Click here for the Report.

Comment

Any hope for a report which would shine a light on the way in which CVA Proposals have been structured and the disproportionate effect on landlords have been dashed. The Report has simply added another hammer blow to landlords following recent court decisions, though there may be some small solace in certain principles which came out of the New Look and Regis decisions, that vote swamping could indicate unfair prejudice (which will hopefully dissuade companies from adopting an inappropriate approach to the calculation of claims for voting purposes) and the end of the 75% blanket discount to the calculation of landlords’ future claims.

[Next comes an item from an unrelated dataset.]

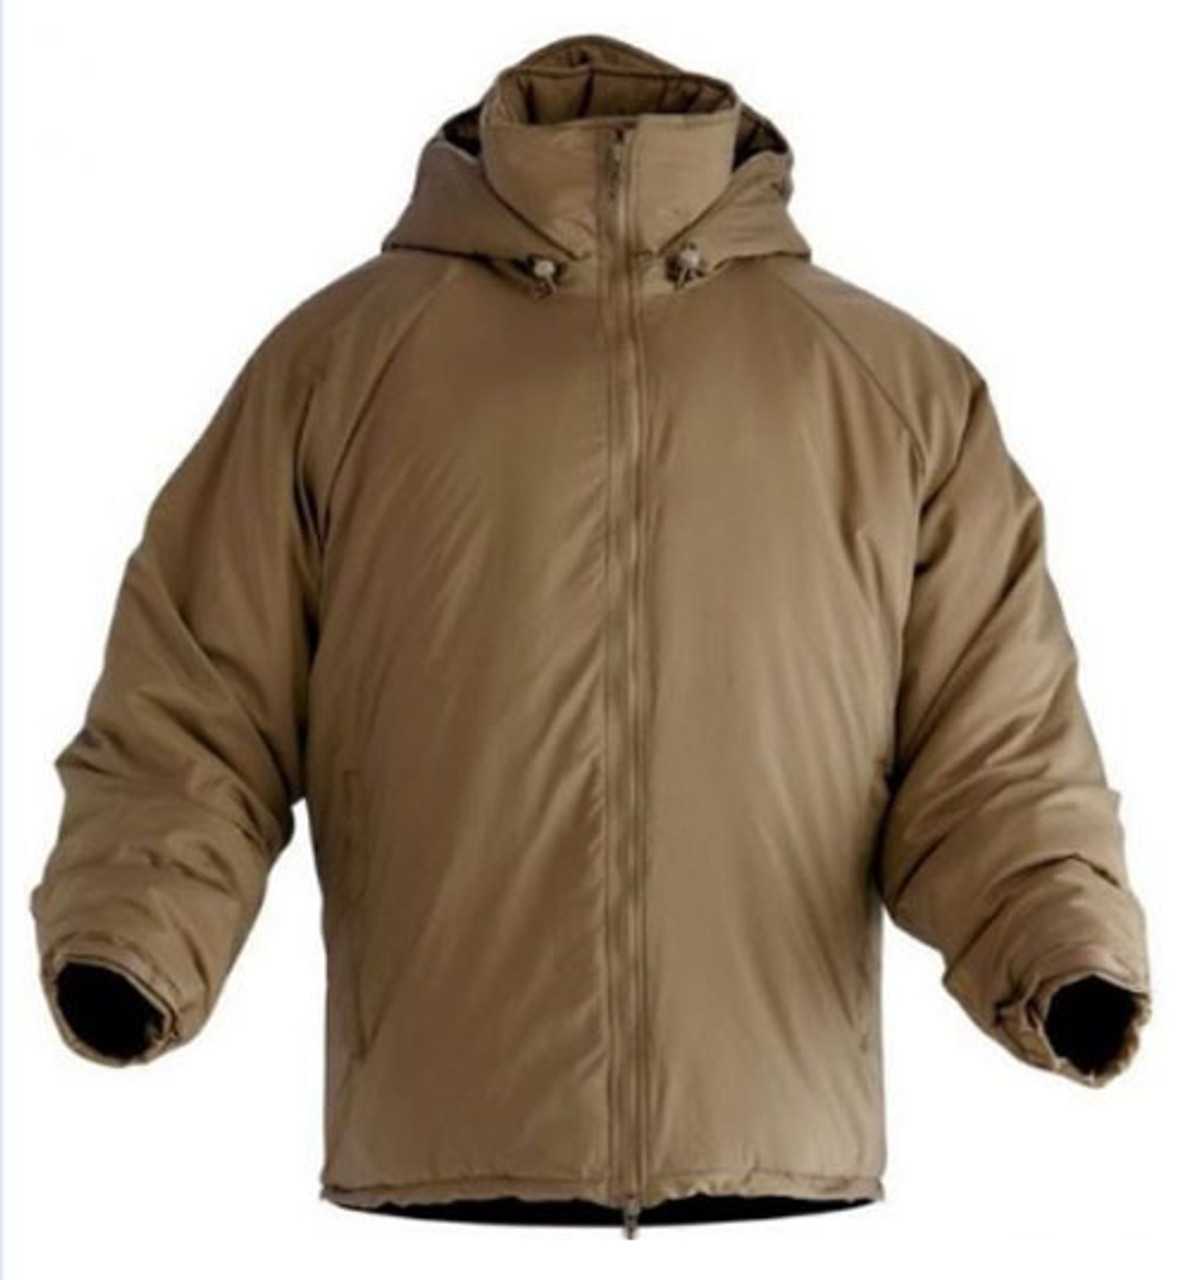 Wild Things Tactical High Loft Jacket SO 2.0 Coyote Brown GORE® 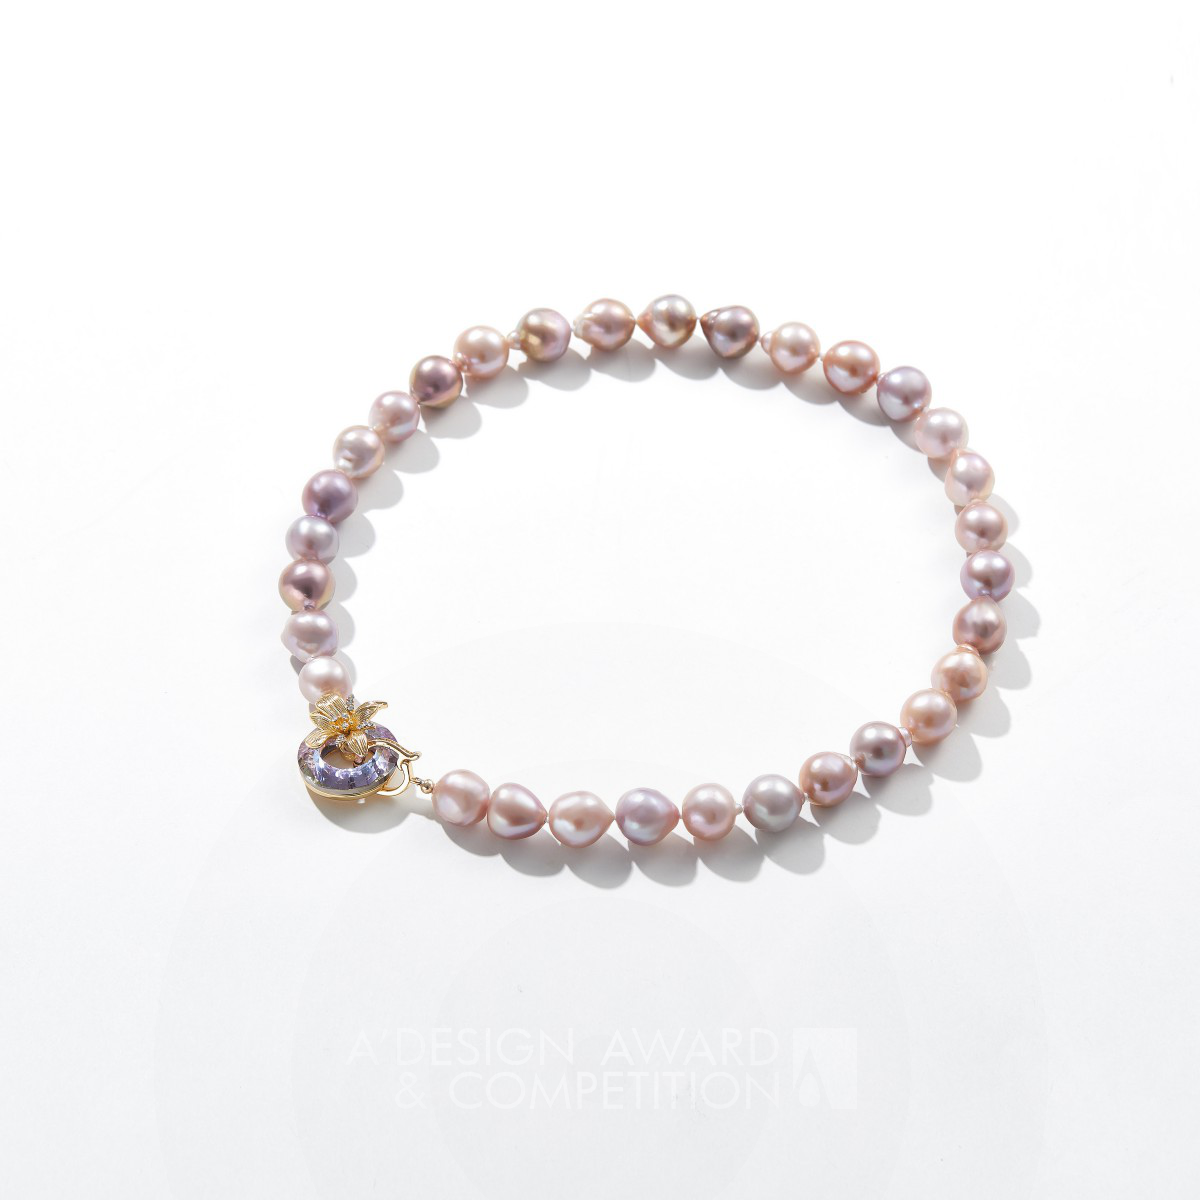 Binying Xu wins Bronze at the prestigious A' Jewelry Design Award with Purple Lily Pearl Necklace.

Whilst the Report accepts that it may understate the level of compromise for landlords, it is regrettable that it offers little more than superficial observations on incomplete statistics and does seem to be an opportunity missed to comprehensively analyse the issues faced by landlords in CVAs. Without that deeper analysis, the Report offers limited value and has effectively ended landlords’ hope of any legislature intervention in the CVA process.